1CUHK MMLab, 2Shanghai AI Laboratory
3Centre for Perceptual and Interactive Intelligence
4Sun Yat-Sen University, 5Sensetime Research, 6Beihang University
* Equal contribution, ✉️Corresponding author

🔥🔥🔥 We have released the code, cheers!

⭐ If FouriScale is helpful for you, please help star this repo. Thanks! 🤗

📖 Table Of Contents

🆕 Update

  • 2024.07.27: The code for ControlNet is added 🔥
  • 2024.07.01: FouriScale is accepted by ECCV2024 🔥🔥🔥
  • 2024.03.25: The code is released 🔥
  • 2024.03.20: 🎉 FouriScale has been selected as 🤗 Hugging Face Daily Papers 🔥
  • 2024.03.19: This repo is released 🔥

⌛ TODO

  • Release Code 💻
  • Update Code for ControlNet 💻
  • Update links to project page 🔗
  • Provide Hugging Face demo 📺

🎆 Abstract

In this study, we delve into the generation of high-resolution images from pre-trained diffusion models, addressing persistent challenges, such as repetitive patterns and structural distortions, that emerge when models are applied beyond their trained resolutions. To address this issue, we introduce an innovative, training-free approach FouriScale from the perspective of frequency domain analysis. We replace the original convolutional layers in pre-trained diffusion models by incorporating a dilation technique along with a low-pass operation, intending to achieve structural consistency and scale consistency across resolutions, respectively. Further enhanced by a padding-then-crop strategy, our method can flexibly handle text-to-image generation of various aspect ratios. By using the FouriScale as guidance, our method successfully balances the structural integrity and fidelity of generated images, achieving an astonishing capacity of arbitrary-size, high-resolution, and high-quality generation. With its simplicity and compatibility, our method can provide valuable insights for future explorations into the synthesis of ultra-high-resolution images.

👀 Visual Results

Visual comparisons

⭐ Visual comparisons between ① ours, ② ScaleCrafter and ③ Attn-Entro, under settings of 4× (default height×2, default width×2), 8× (default height×2, default width×4), and 16× (default height×4, default width×4), employing three distinct pre-trained diffusion models: SD 1.5, SD 2.1, and SDXL 1.0.

Visual results with LoRAs

⭐ Visualization of the high-resolution images generated by SD 2.1 integrated with customized LoRAs (images in red rectangle) and images generated by a personalized diffusion model, AnimeArtXL.
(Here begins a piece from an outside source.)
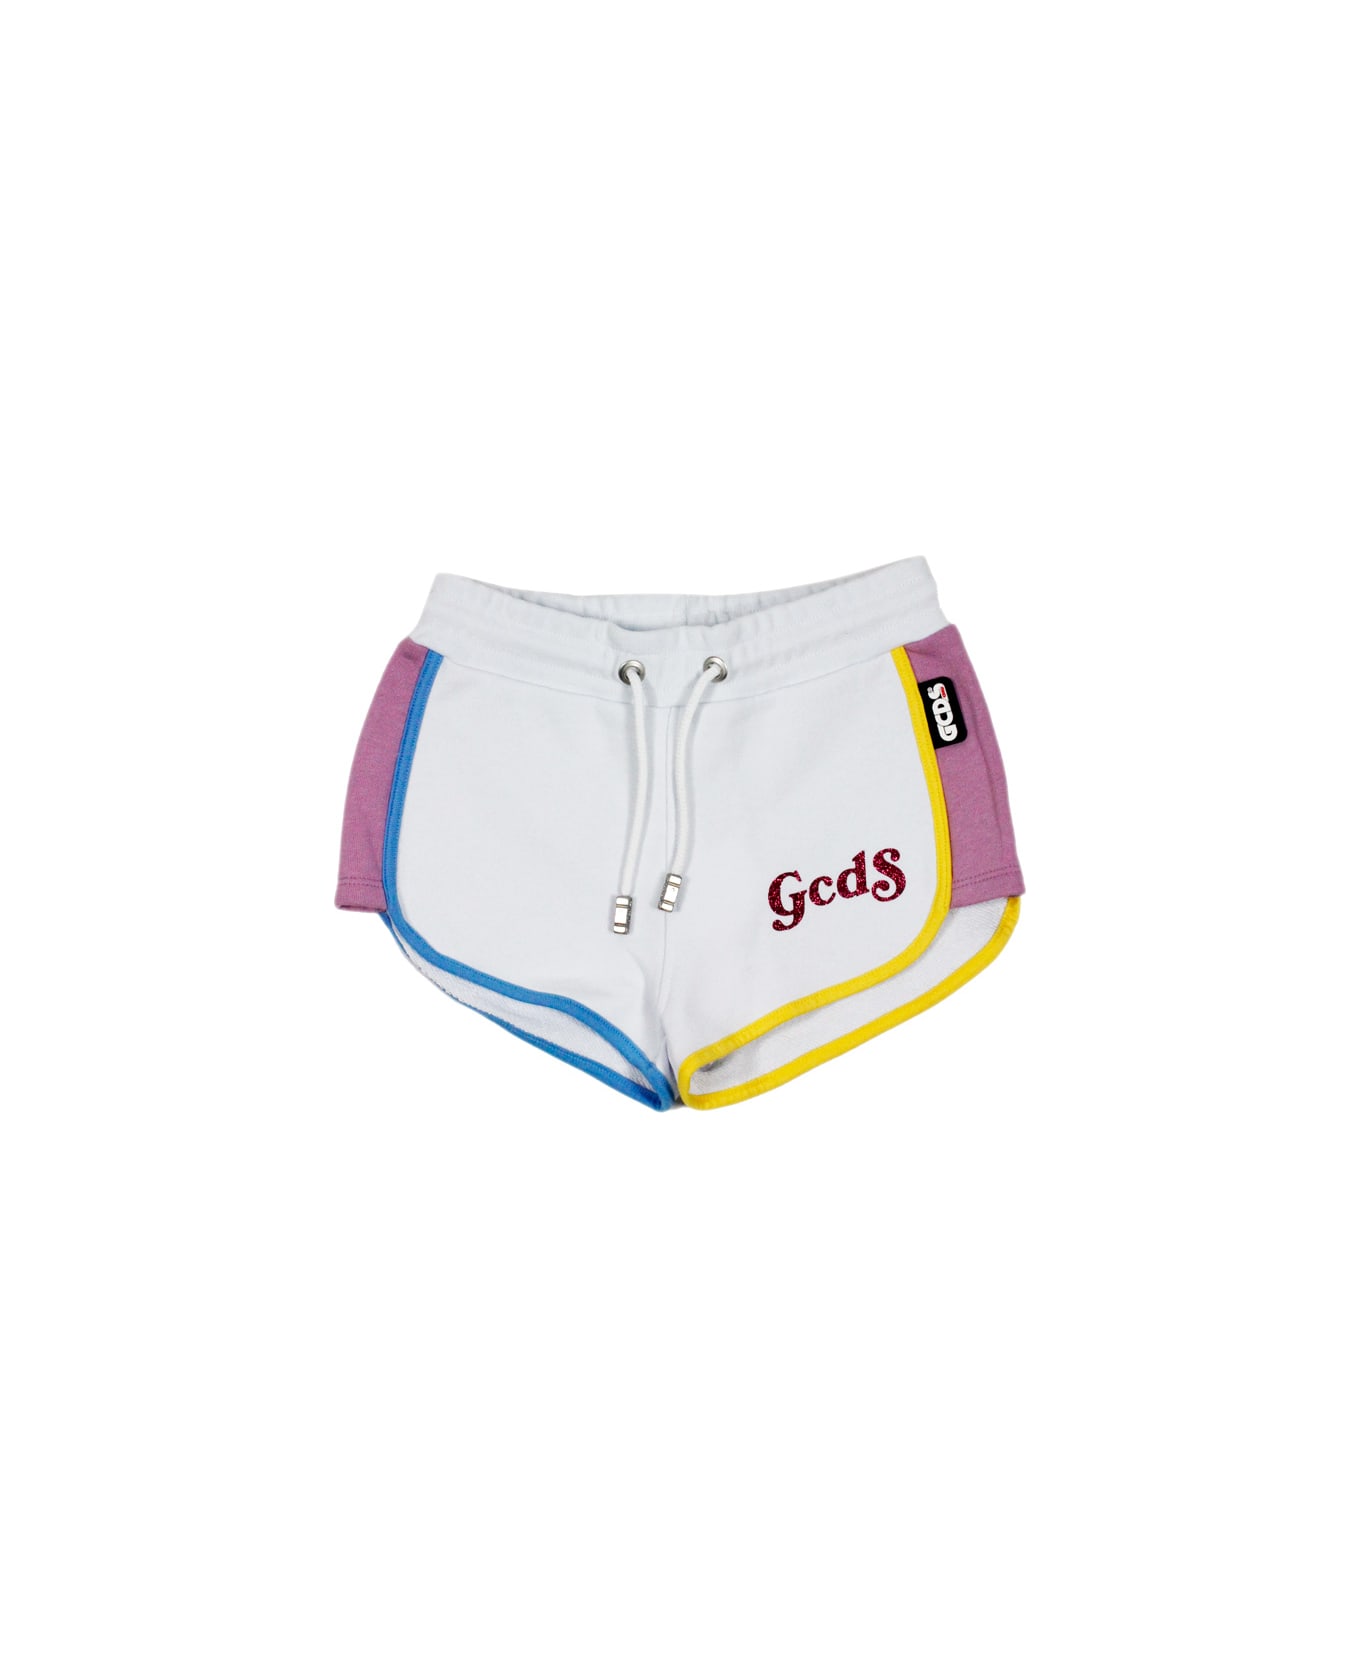 GCDS Cotton Fleece Shorts With Drawstring And Lurex Lettering - White

Visual results with more resolutions

⚙️ Setup

conda create -n fouriscale python=3.8
conda activate fouriscale
pip install -r requirements.txt

⭐ We highly recommend following the provided environmental requirements, especially regarding diffusers, as there are significant modifications between versions.

💫 Inference

Text-to-image higher-resolution generation with diffusers script

stable-diffusion xl v1.0 base

# 2048x2048 (4x) generation
accelerate launch --num_processes 1 \
text2image_xl.py \
  --pretrained_model_name_or_path stabilityai/stable-diffusion-xl-base-1.0 \
  --validation_prompt 'Polenta Fritters with Asparagus & Eggs' \
  --seed 23 \
  --config ./configs/sdxl_2048x2048.yaml \
  --logging_dir ${your-logging-dir}

To generate in other resolutions, change the value of the parameter --config to:

  • 2048x2048: ./configs/sdxl_2048x2048.yaml
  • 2560x2560: ./configs/sdxl_2560x2560.yaml
  • 4096x2048: ./configs/sdxl_4096x2048.yaml
  • 4096x4096: ./configs/sdxl_4096x4096.yaml

Generated images will be saved to the directory set by ${your-logging-dir}. You can use your customized prompts by setting --validation_prompt to a prompt string or a path to your custom .txt file. Make sure different prompts are in different lines if you are using a .txt prompt file.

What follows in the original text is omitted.